### SUPPLIED MATERIAL
--------

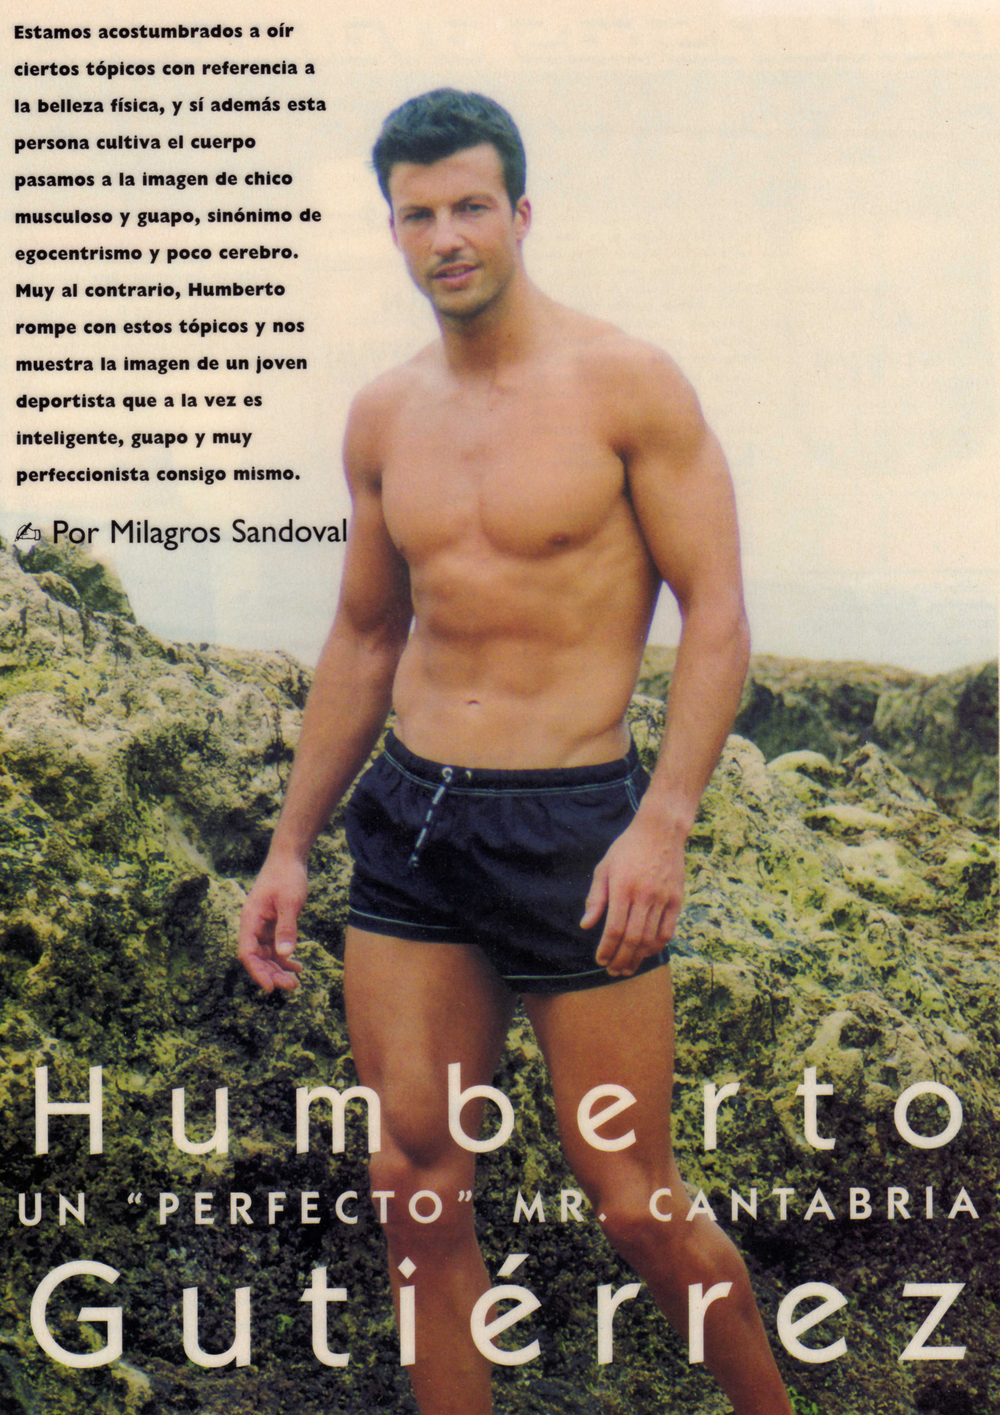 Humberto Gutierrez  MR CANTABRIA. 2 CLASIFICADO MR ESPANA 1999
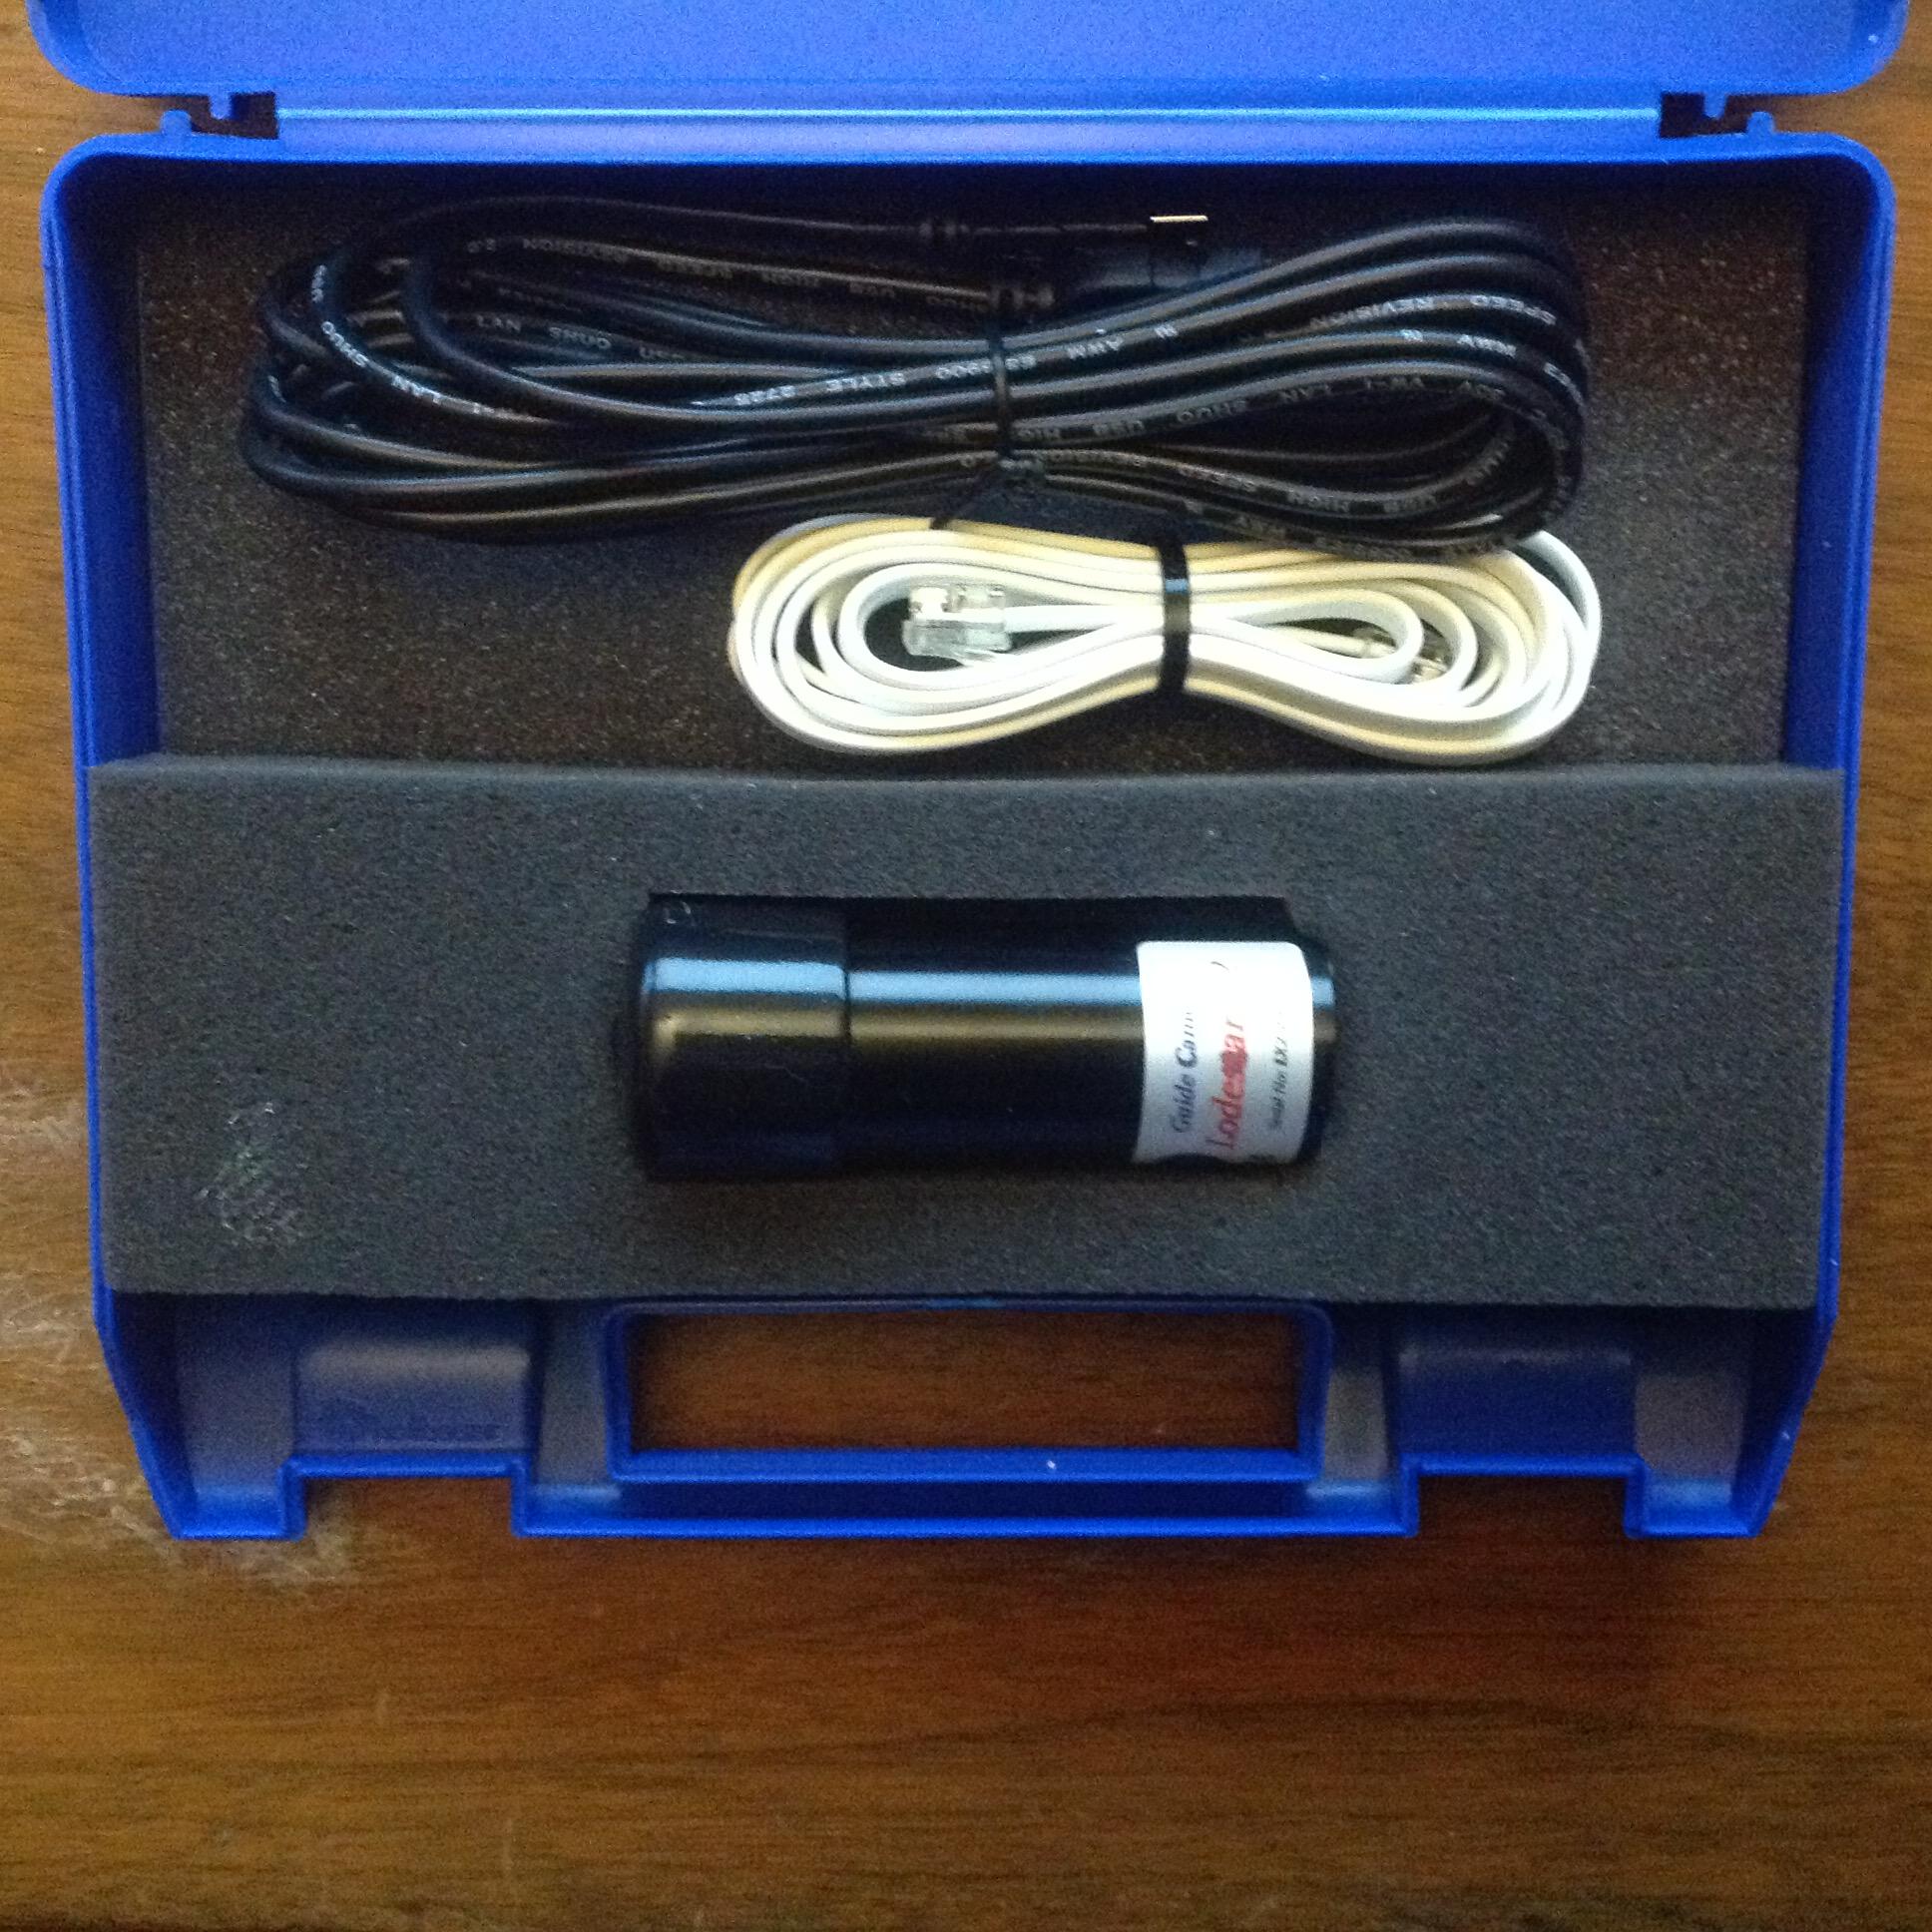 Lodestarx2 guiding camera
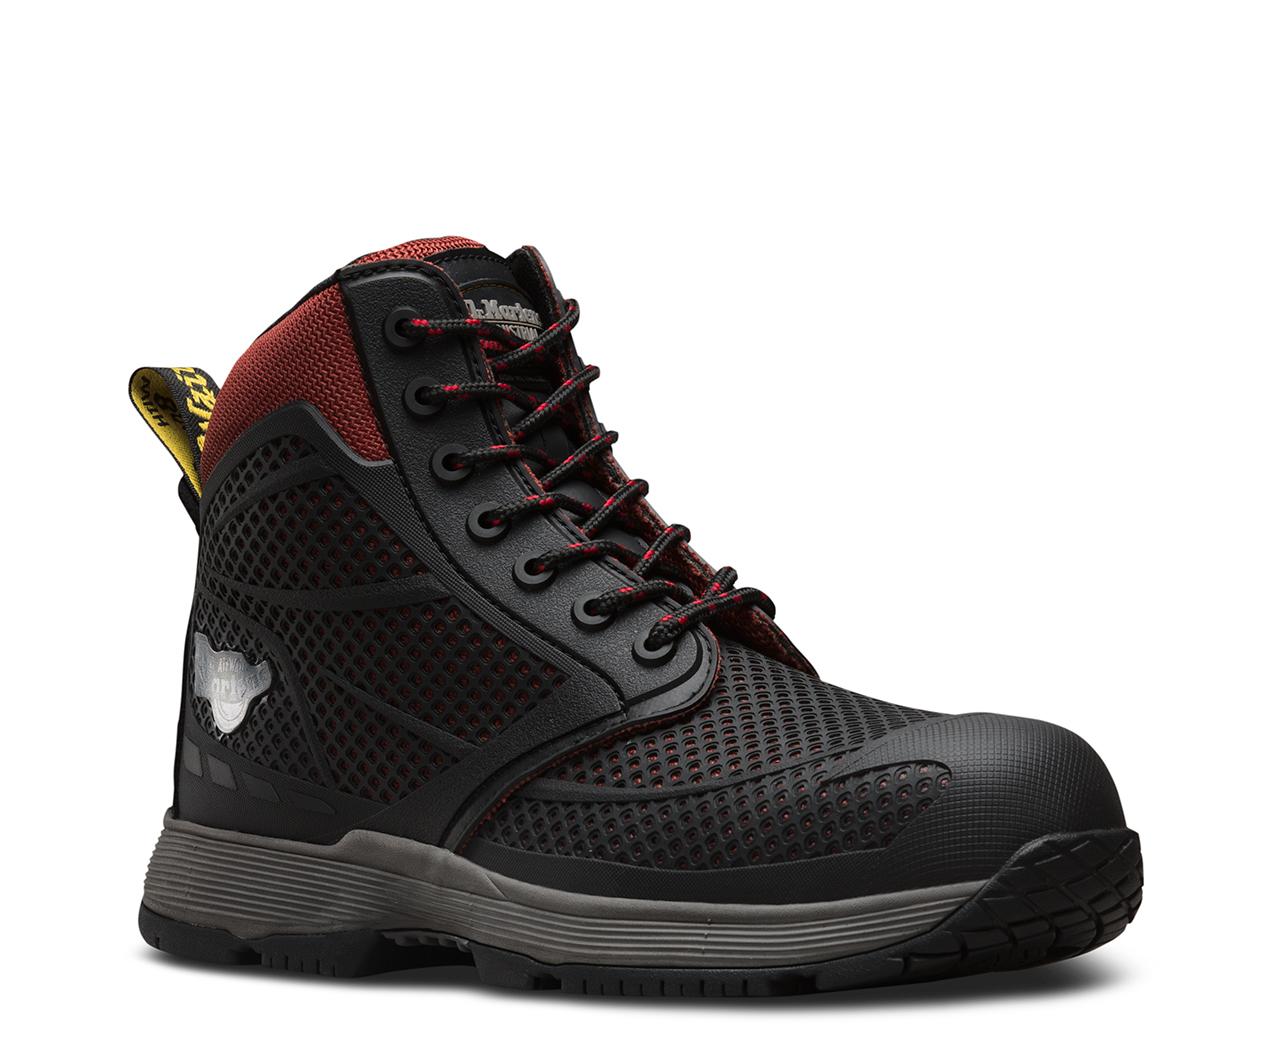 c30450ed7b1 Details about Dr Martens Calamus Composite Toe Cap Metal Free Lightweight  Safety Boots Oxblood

--------

### TASK ITEM
Transcribe only the lines from the line holding "Lodestarx2 guiding camera" to the final line of the listing above. Keep them exact, include both ends, and skip the pictures.

### TASK ANSWER
 Lodestarx2 guiding camera
 c30450ed7b1 Details about Dr Martens Calamus Composite Toe Cap Metal Free Lightweight  Safety Boots Oxblood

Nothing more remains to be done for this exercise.